I've attached the code that the hacked tblgen spits out from EmitResultCode
for this pattern.
The remaining problem is that this code doesn't actually replace the two
memory operations. It generates two MOVSDs and a SHUFPD just fine but it
produces two extra MOVSD instructions.
As far as I can understand things, the problem is that the two MOVSD
instructions are generated by a recursive call to EmitResultCode. Thus isRoot
is false and the result of the call to getTargetNode is not passed to
ReplaceUses. Then when we pop back up and generate the SHUFPD we call
SelectNodeTo which only transforms the immediate node (the vector_shuffle).
It doesn't recurse to replace child nodes.
I tried hacking tblgen to call getTargetNode / ReplaceUses if any node in the
pattern has a chain by changing this line in tblgen:
bool InputHasChain = isRoot &&
NodeHasProperty(Pattern, SDNPHasChain, CGP);
to call PatternHasProperty instead. This does cause tblgen to emit
getTargetNode / ReplaceUses instead of SelectNodeTo but ReplaceUses doesn't
know how to handle a complex pattern like this.
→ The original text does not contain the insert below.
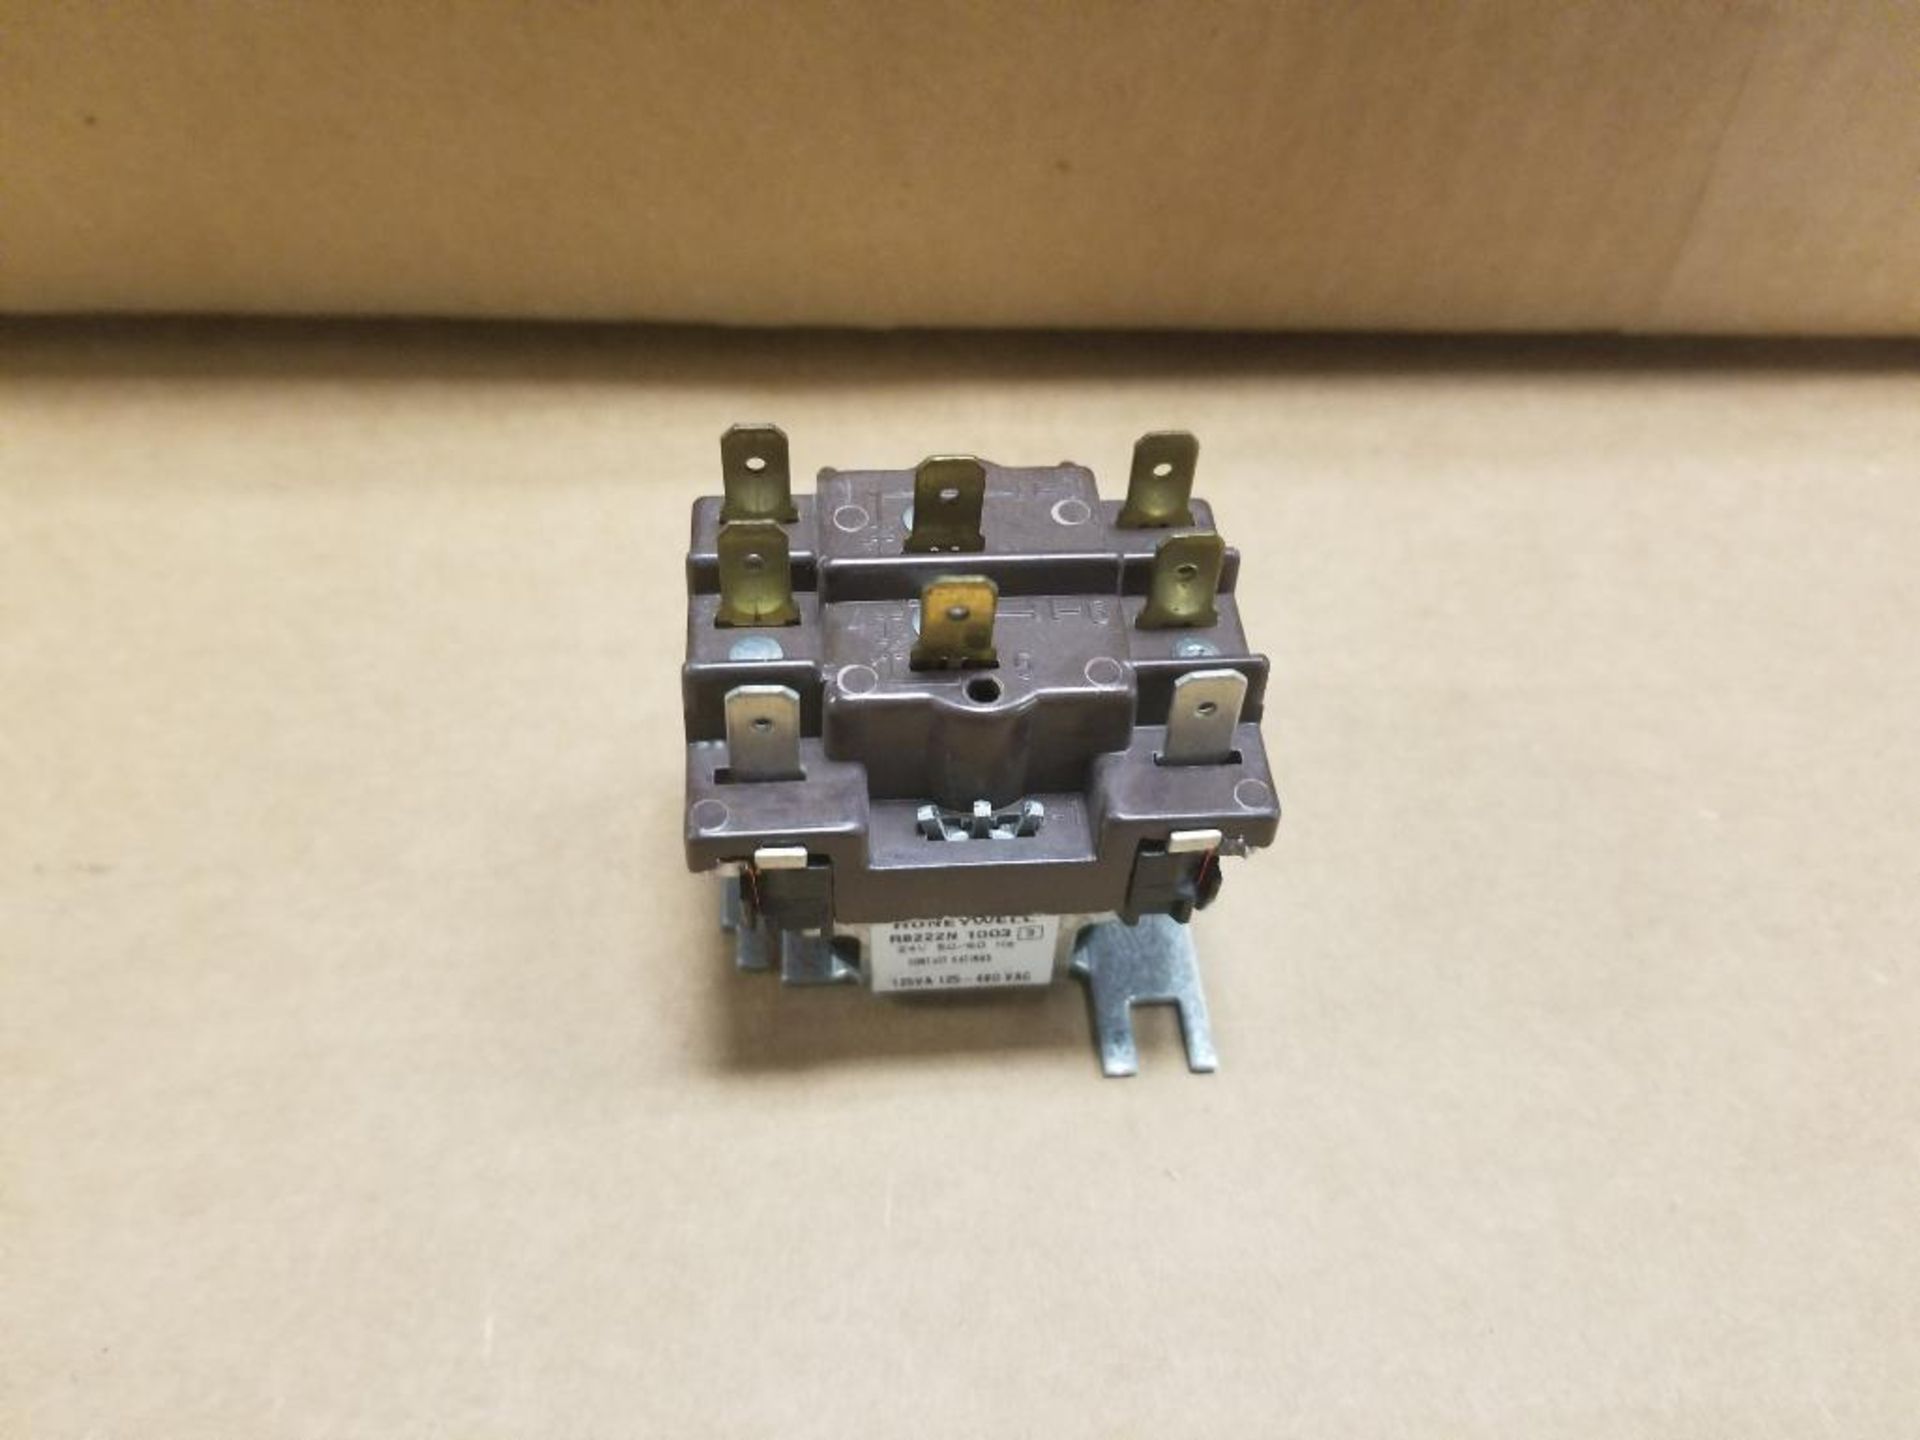 Qty 60 - Honeywell relay. Part number R8222N-1003. New in bulk box. - Image 3 of 5
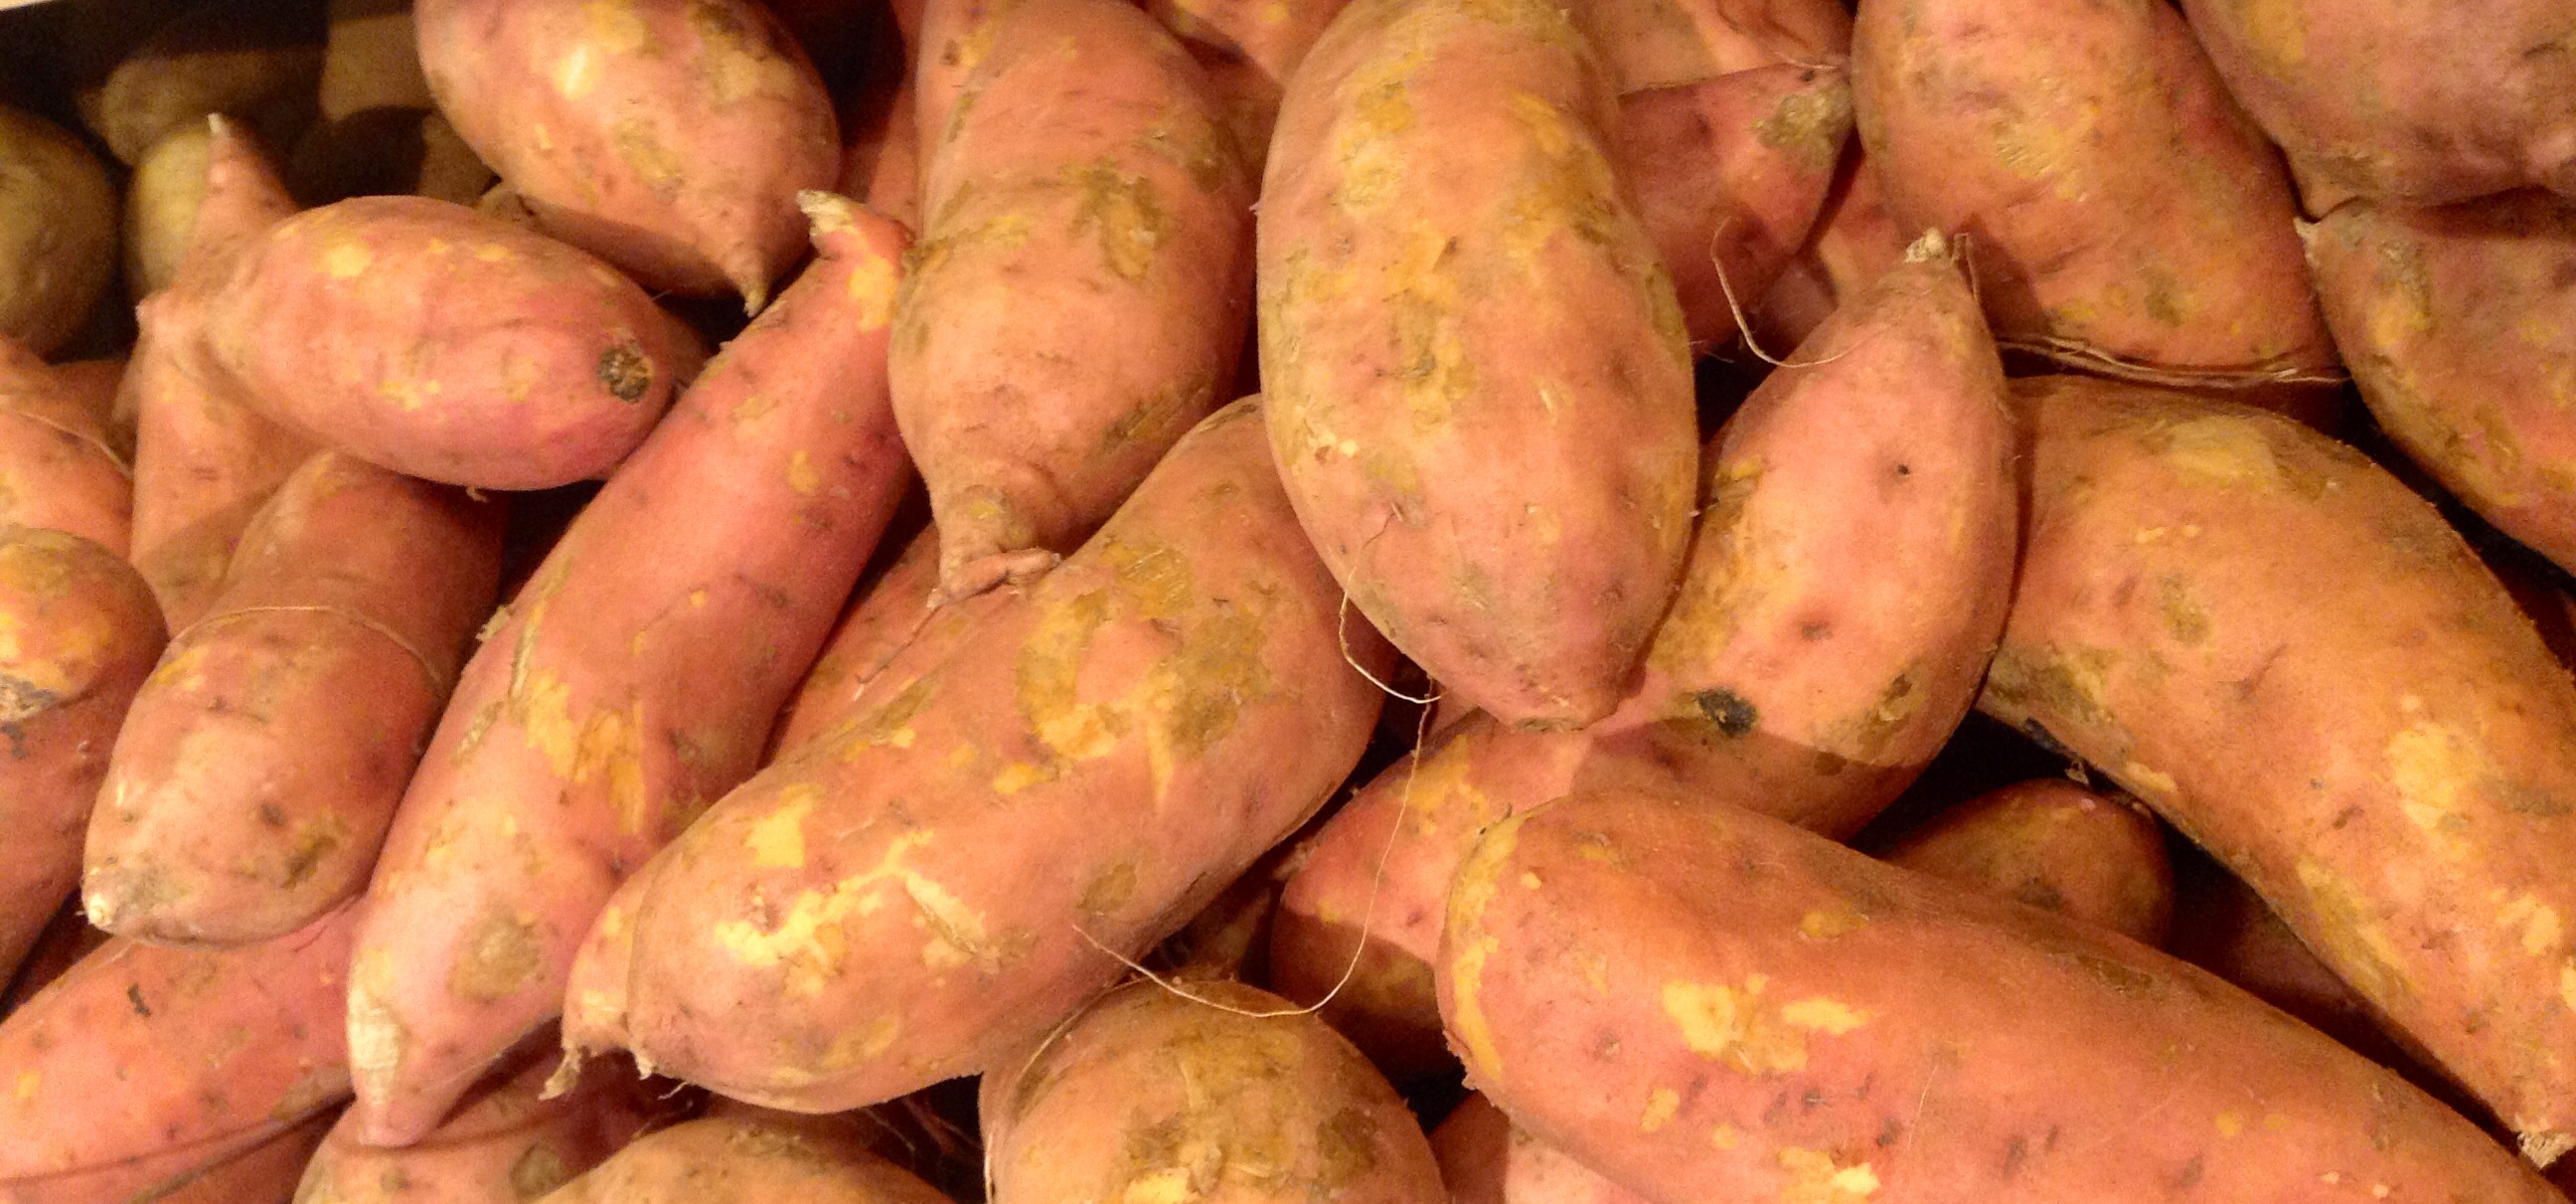 a pile of sweet potatoes sits piled high

It complains about having
two many operands:
assert(From->getNumValues() == 1 && FromN.ResNo == 0 &&
"Cannot replace with this method!");
From->getNumValues() > 1 so this croaks.
So I'm going to need a little help. Either SelectionDAG::ReplaceAllUsesWith
needs to be able to handle more complex things or tblgen needs to emit
ReplaceUses after it generates the two MOVSD instructions. Perhaps something
like this:
SDOperand Ops0 = { CPTmp0001, CPTmp1001, CPTmp2001, CPTmp3001,
LSI_N00_Child0, LSI_N10_Child0, Chain10 };
SDOperand Tmp1(CurDAG->getTargetNode(Opc0, VT0, MVT::Other, Ops0, 7), 0);
ReplaceUses(SDOperand(N00.Val, 0), Tmp1);
I don't know if the parameters to that ReplaceUses call are correct, but I
think you'll get the idea.
The problem of course is that other patterns cause this kind of recursion to
match their memory operands and we _don't_ want those things calling
ReplaceUses for their memory operands because things work jsut fine for those
patterns already.
What's the right approach here? And can someone help me get the solution
correct so I can get over this final hurdle?
I think handling these kinds of complex memory access patterns will be
beneficial for LLVM. We see big speedups on some codes by applying the
pattern at the top of this message.
-Dave
ResultCode.cpp (2.16 KB)